Computing Approximate Graph Edit Distance via Optimal Transport
Qihao Cheng, Da Yan, Tianhao Wu, Zhongyi Huang, Qin Zhang
TL;DR
This work tackles the NP-hard problem of graph edit distance by introducing OT-based mechanisms that leverage global graph context. It presents GEDIOT, a learning-based inverse OT framework with a learnable Sinkhorn module, GEDGW, an unsupervised OT/GW approach, and GEDHOT, an ensemble that combines both. The methods yield substantial improvements over existing GED approaches in both GED accuracy and edit-path generation, while maintaining good generalizability to unseen graphs. The work demonstrates the practicality of combining OT with graph embeddings to achieve scalable and accurate GED estimation and GEP synthesis across diverse datasets.
Abstract
Given a graph pair $(G^1, G^2)$, graph edit distance (GED) is defined as the minimum number of edit operations converting $G^1$ to $G^2$. GED is a fundamental operation widely used in many applications, but its exact computation is NP-hard, so the approximation of GED has gained a lot of attention.

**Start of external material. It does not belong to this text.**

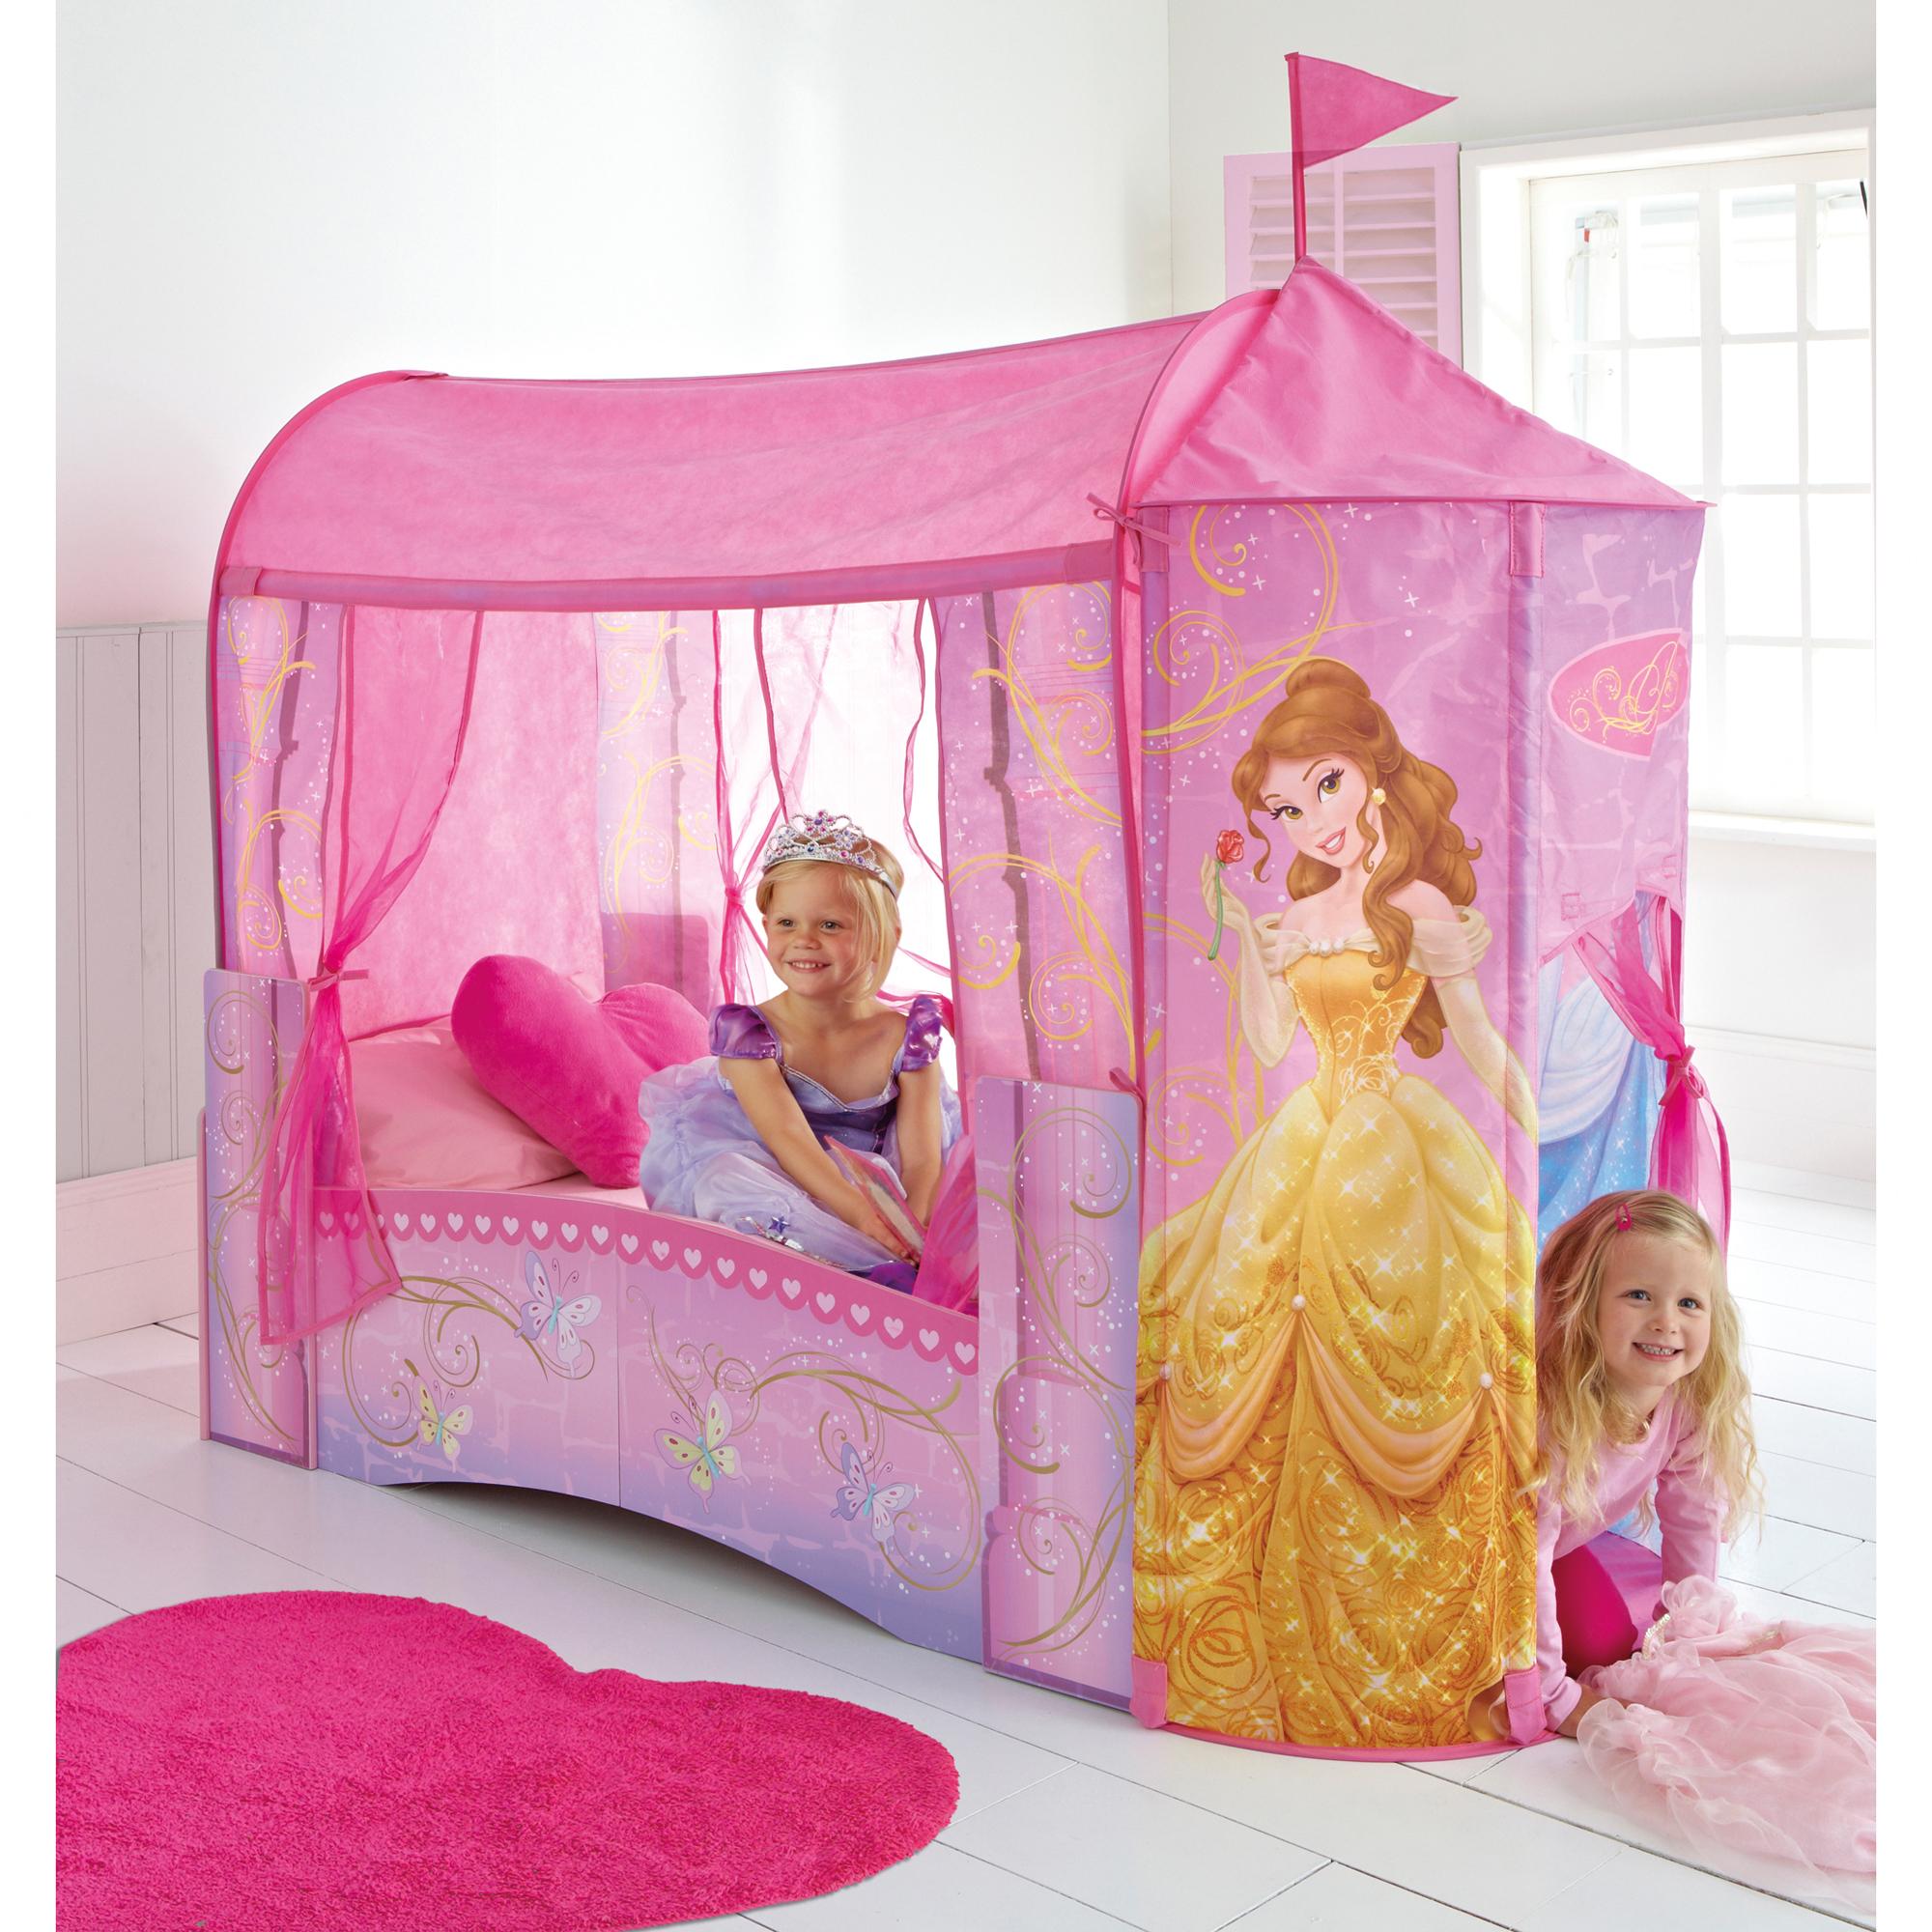 Disney Lit Château Princesse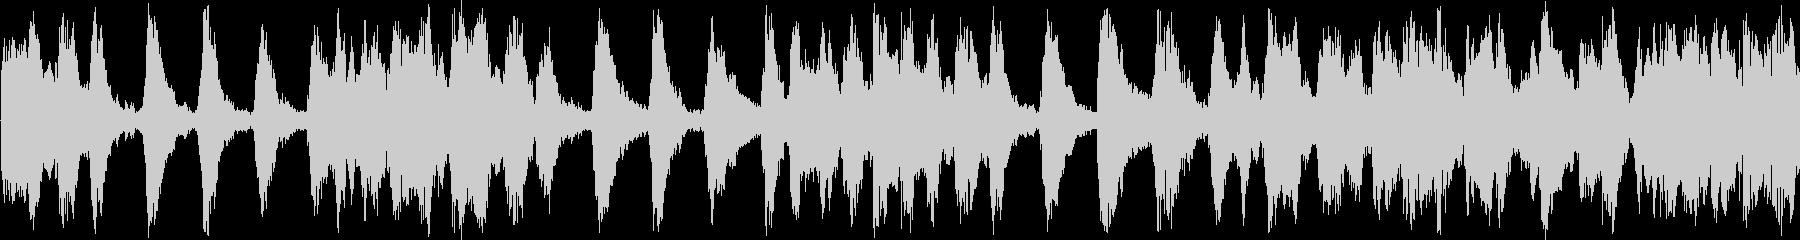 ストリングスをモチーフにしたループ楽曲…の未再生の波形

Data-driven learning-based methods have been found to provide superior results compared to classical approximate algorithms, but they directly fit the coupling relationship between a pair of vertices from their vertex features. We argue that while pairwise vertex features can capture the coupling cost (discrepancy) of a pair of vertices, the vertex coupling matrix should be derived from the vertex-pair cost matrix through a more well-established method that is aware of the global context of the graph pair, such as optimal transport. In this paper, we propose an ensemble approach that integrates a supervised learning-based method and an unsupervised method, both based on optimal transport. Our learning method, GEDIOT, is based on inverse optimal transport that leverages a learnable Sinkhorn algorithm to generate the coupling matrix. Our unsupervised method, GEDGW, models GED computation as a linear combination of optimal transport and its variant, Gromov-Wasserstein discrepancy, for node and edge operations, respectively, which can be solved efficiently without needing the ground truth. Our ensemble method, GEDHOT, combines GEDIOT and GEDGW to further boost the performance. Extensive experiments demonstrate that our methods significantly outperform the existing methods in terms of the performance of GED computation, edit path generation, and model generalizability.